This article is from the Keeshonden Breed FAQ, by email@example.com (Kimberly J. Eashoo).
The Keeshond is a double coated breed. This coat consists of a woolly
undercoat and longer guard hairs. Twice a year, Keeshonden "blow"
their undercoats, that is, they shed their undercoats completely. It
is a very intense shedding period that can last up to three weeks from
start to finish.
The good news is that this only happens twice a year. The remainder of
the time , Keeshonden are relatively shed free (unlike smooth coated
breeds). The bad news is that the shedding period can be rather messy.
The hair comes out in large and small clumps. Lots of vacuuming and
brushing are in order. The Keeshond is a very clean and relatively
odor free dog. It tends to clean itself like a cat. Even when a
Keeshond becomes covered in mud, it will clean itself. Bathing needs
are minimal; thorough brushings and/or "dry baths" using a mixture of
cornstarch and baby powder often suffices. A full bath may not be
necessary more than once per year or when the dog is obviously dirty.
Whitening shampoos will bring out the "brightness" of the coat.

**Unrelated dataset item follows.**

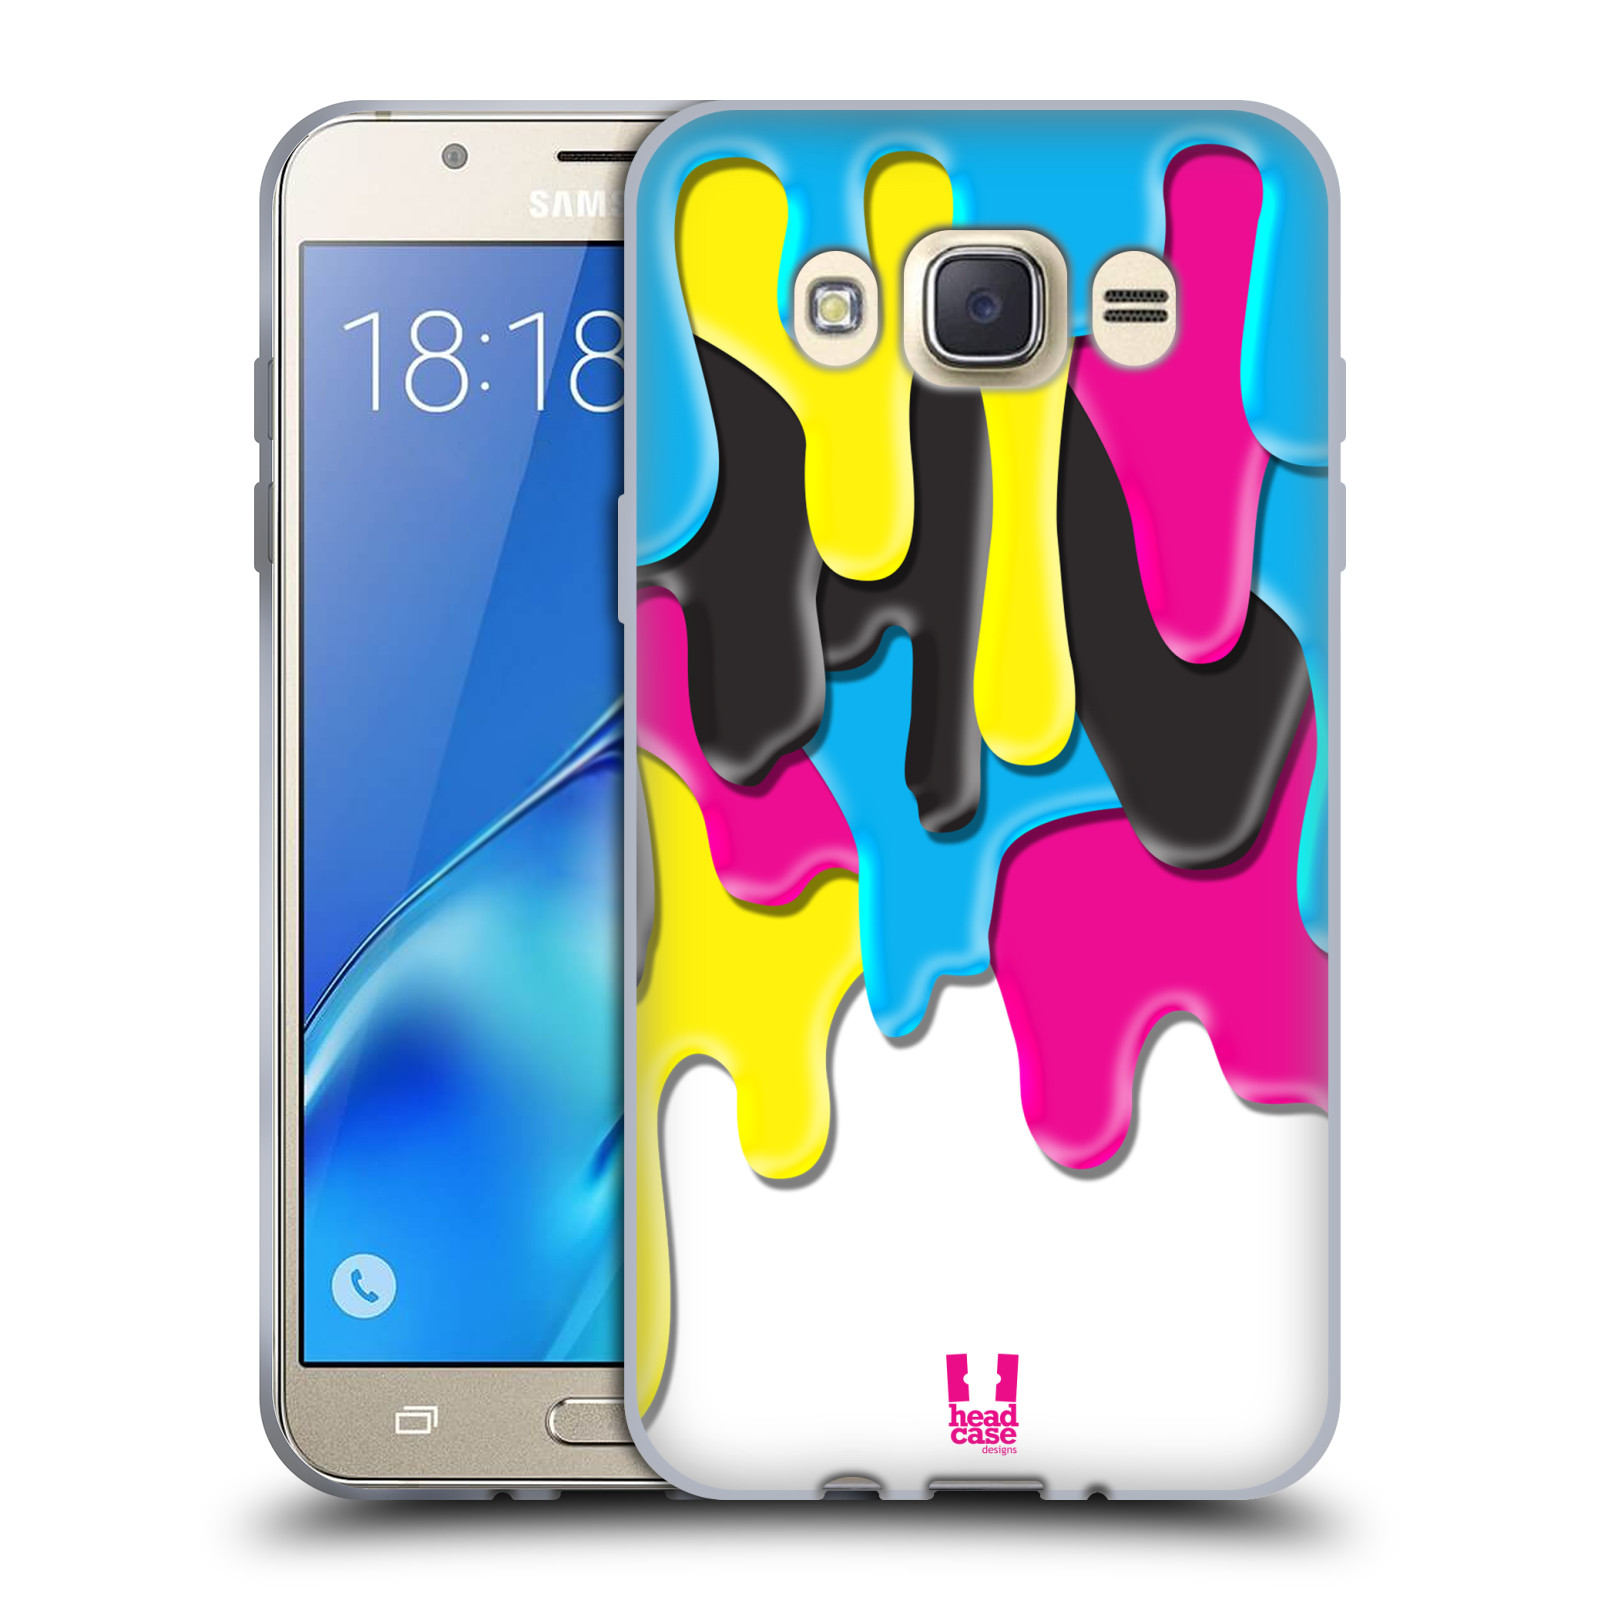 HEAD CASE silikonový obal, kryt na mobil Samsung Galaxy J7 2016 (J710, J710F) vzor Barevná záplava CMYK

Other than during coat-blowing season, the Keeshond needs relatively
little grooming. Daily brushing is ideal, but two or three times a
week is sufficient; the brushing should be thorough to penetrate the
outer coat and remove any loose undercoat. A long pin brush, a slicker
brush and possibly a rake are essential grooming tools. Trimming needs
are minimal, and if done should be done so that it looks natural and
uncut. The body coat should never be clipped or trimmed except for
medical reasons. Their nails should be checked and clipped
NEVER clip a Keeshond for the summer. After the undercoat has been
"blown out," the outer coat provides insulation from the heat and
protection from the sun. Exposed skin will be very sensitive to the
sun, and will sunburn very easily; this can lead to skin cancer.
Regular grooming and constant access to cool water are particularly
important in the summer, especially in warmer climates.